My first intuition was that SHELF-FF would always be a better approach. This is incorrect — it may wind up making locally-optimal choices which reduce the global efficiency. Consider an “unlucky” case where placing a small word on a prior row aligns a lot of future words in a worse way.

Shelf Best Width Fit (SHELF-BWF)

Shelf Best Width is like SHELF-FF, but instead of choosing the first shelf with room, chooses the horizontally-smallest shelf with enough room for the word.

function heuristic(shelf, word) {
  return shelf.remainingX() - word.width;
};

In terms of efficiency I don’t see a ton of difference between SHELF-BWF and SHELF-FF, although if you set the image dimensions to be tall and narrow there are sometimes differences in the layout on the texture.

Shelf Best Height Fit (SHELF-BHF)

Shelf Best Height optimizes for lowest remaining vertical space. Since there’s not a ton of variance in rectangle heights I didn’t expect this to be very efficient. In tall and narrow images I found a few examples where it performed worse than SHELF-FF.

function heuristic(shelf, word) {
  return shelf.height - word.height;
};

Shelf Best Area Fit (SHELF-BAF)

Shelf Best Area fit optimizes for minimum remaining area after the word is placed.

function heuristic(shelf, word) {
  var shelfArea = shelf.remainingX() * shelf.height,
      wordArea = word.width * word.height;
  return shelfArea - wordArea;
};

On this text-like input SHELF-BAF performs very close to SHELF-BWF. Higher variance in font size can introduce some efficiency differences but not in a meaningful way.

Shelf Worst Width Fit (SHELF-WWF)

Shelf Worst Width Fit is the most unusual SHELF algorithm. It is based off of the idea that rectangles should be packed in shelves which would result in the most remaining space (with the exception that if a word fits exactly it should be placed right away).
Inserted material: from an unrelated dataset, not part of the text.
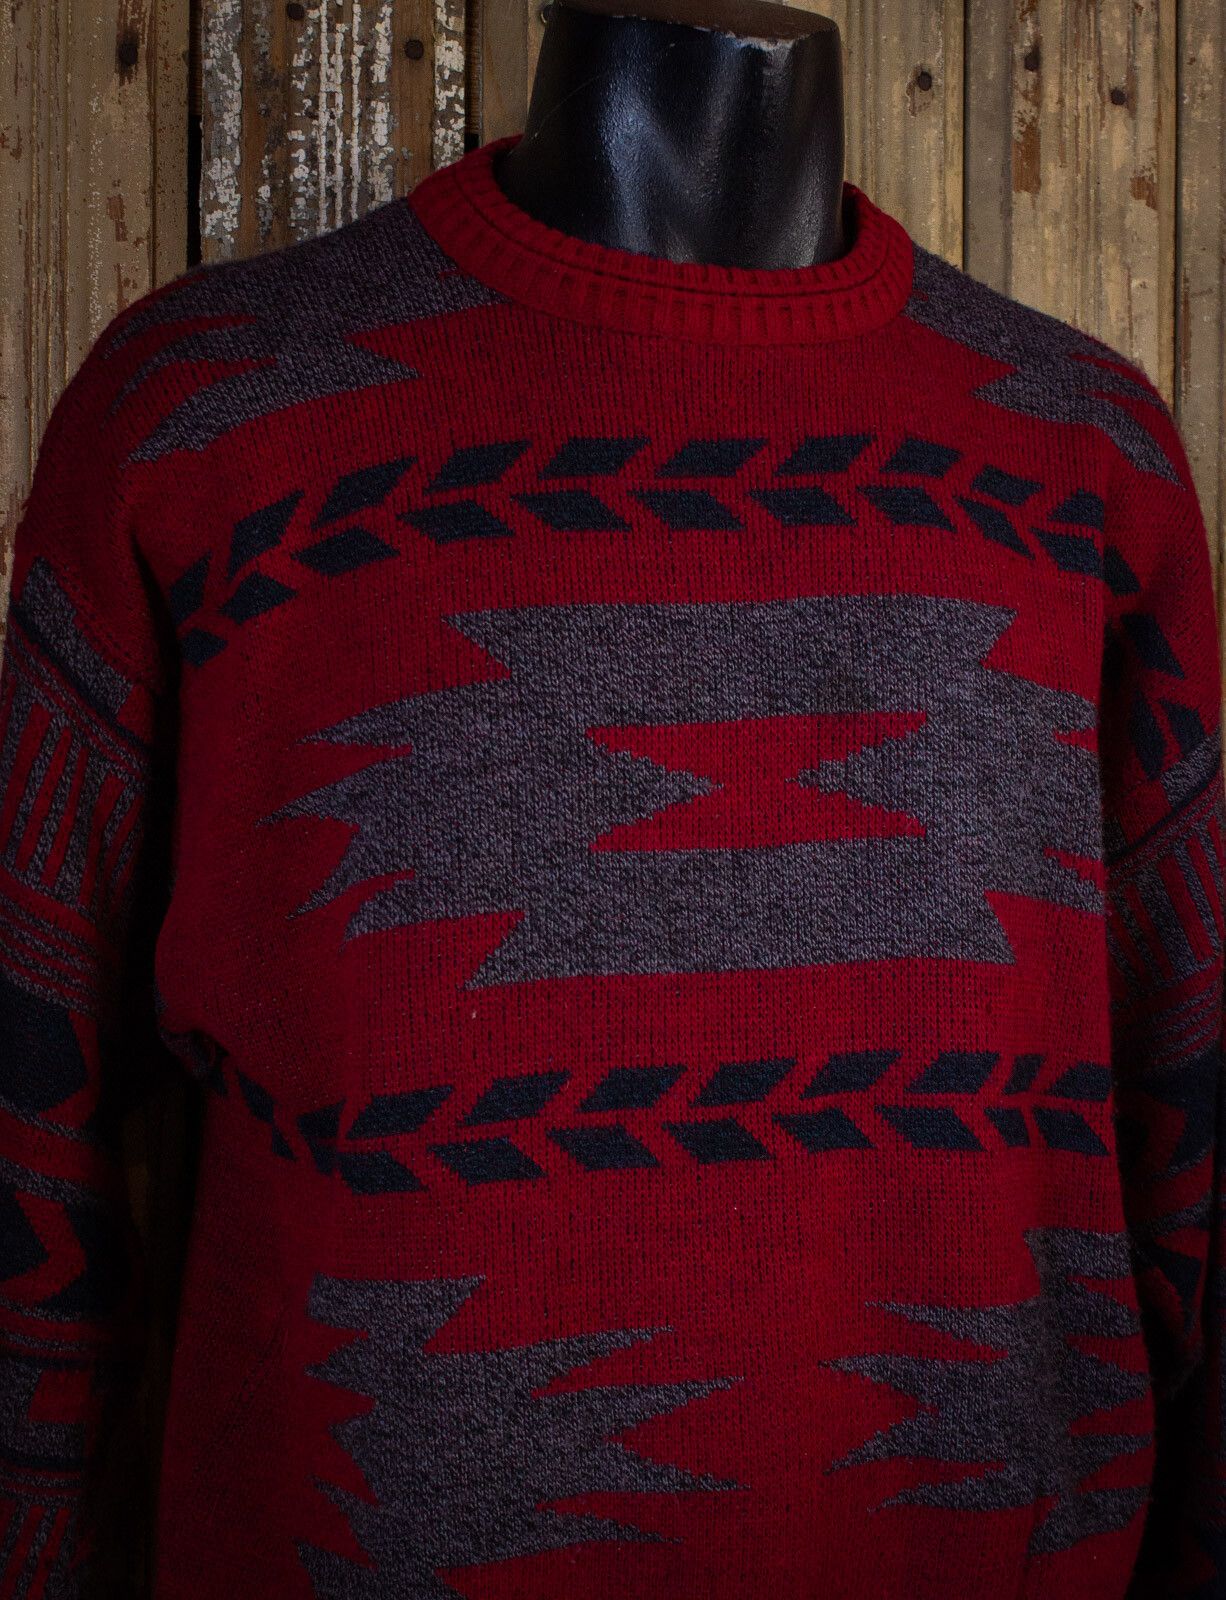 Vintage Vintage Daniel Axel Aztec Print Knit Sweater 80s Red Large Size US L / EU 52-54 / 3 - 4 Preview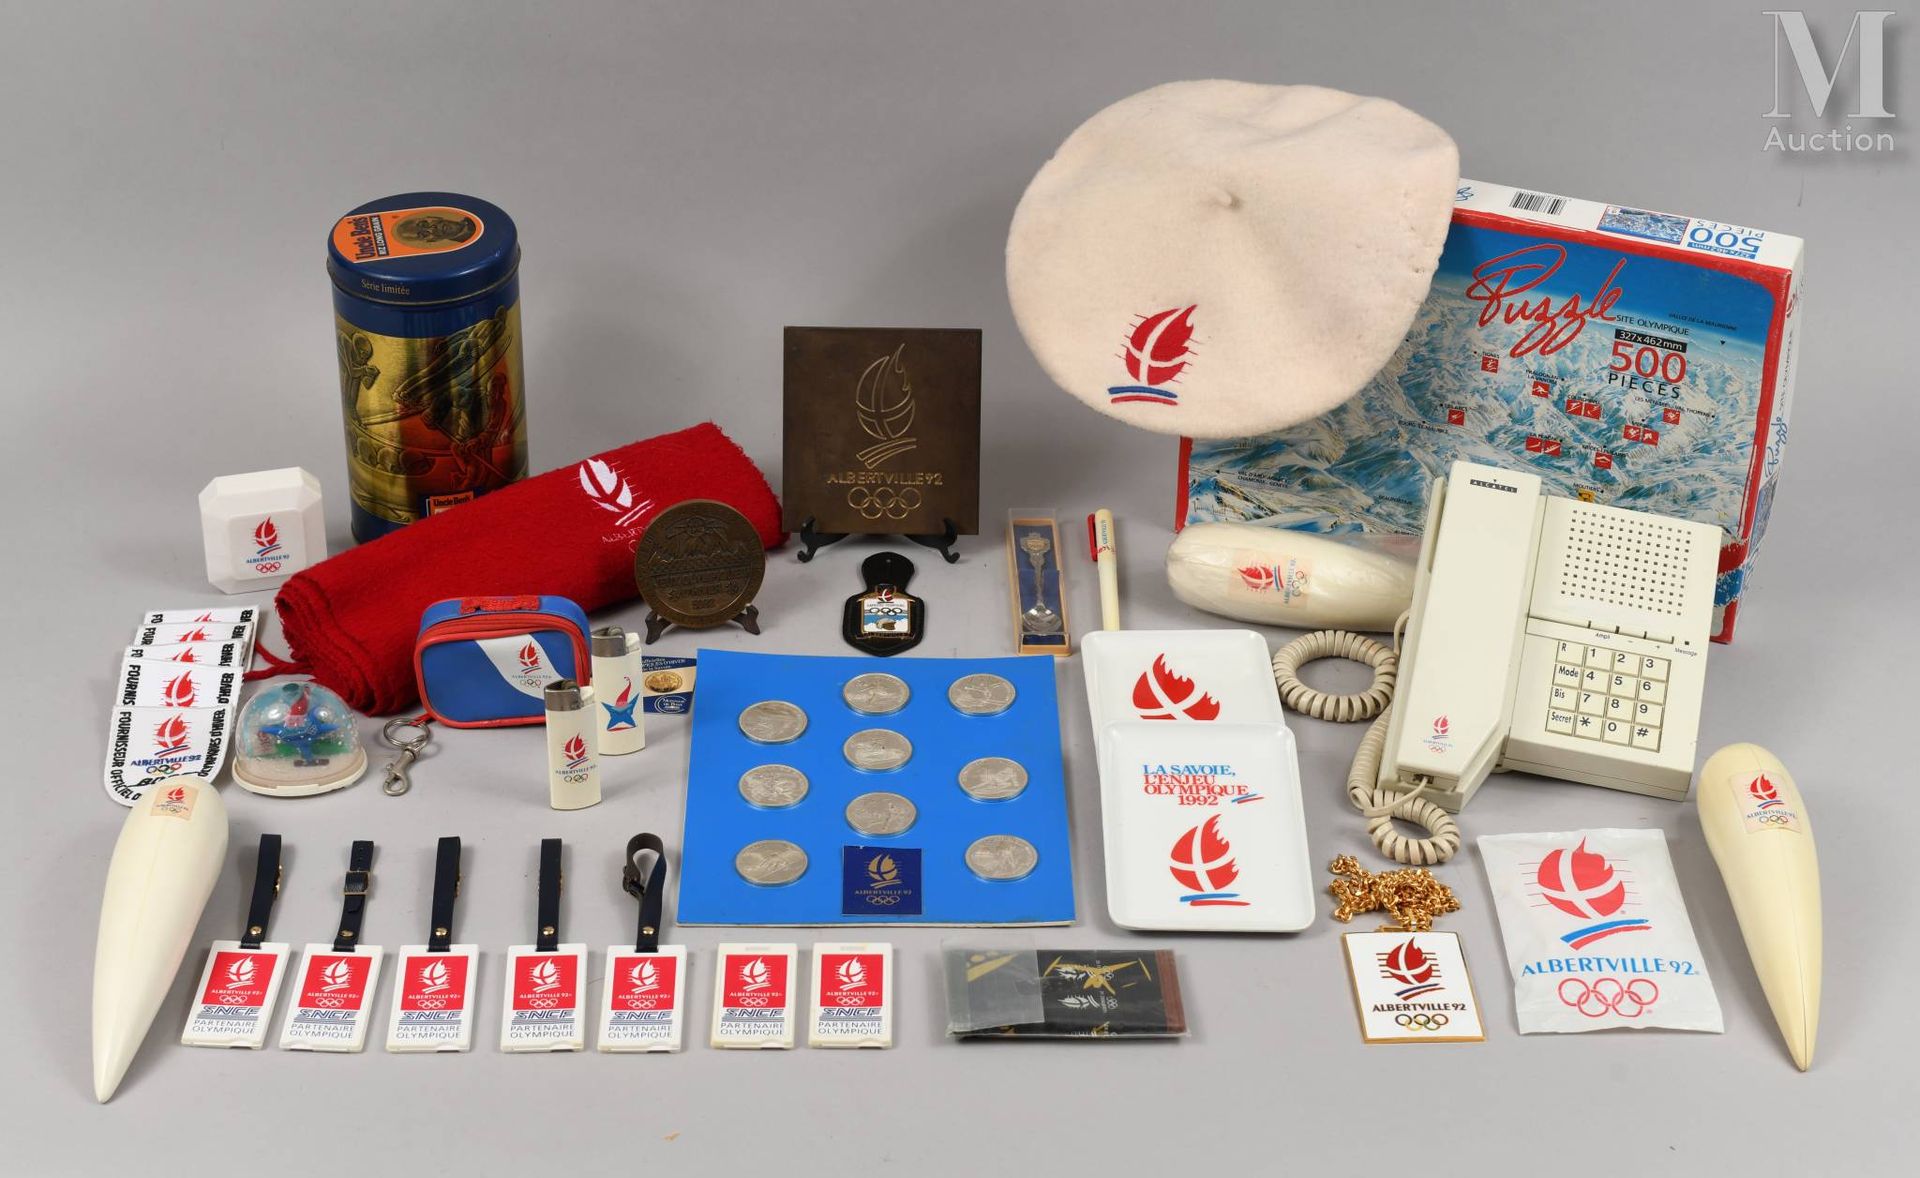 ALBERTVILLE 1992 1992年阿尔伯特维尔.一套35件第十六届冬季奥林匹克运动会的纪念品（副产品），包括奖牌，迷你火炬，电话，拼图等。状况良好。

function heuristic(shelf, word) {
  if (shelf.remainingX() === word.width) {
    return Number.MAX_VALUE; // Immediately pick this fit.
  }
  return shelf.remainingX() - word.width;
};

function compare(score, bestScore) {
  return score > bestScore; // Higher is better.
};

Presumably leaving more space might allow for bigger words to be placed in extra space, but in practice this seemed to consistently perform the worst of the non-SHELF-NF algorithms on the text input.

Summary

The input I’m testing is very special-purposed so these results are probably not indicative of general performance. But for text, it generally seems that SHELF-NF performs worst, followed by SHELF-WWF and SHELF-FF. The remaining algorithms tend to be pretty close, with SHELF-BWF or SHELF-BAF having the best result.

It is possible to contrive specific examples to make any specific algorithm “win”, and I’ve found it useful to view how changing the page parameters makes different algorithms stand out. I’ve added another set of controls and a summary view for your convenience in case you wish to do the same. The parameters will change the examples above so you can visually examine any given packing by scrolling up.

Of course, SHELF is not the only class of bin packing algorithm. There are several more advanced approaches which will probably have better performance. I expect to visit them in a similar update in the near future.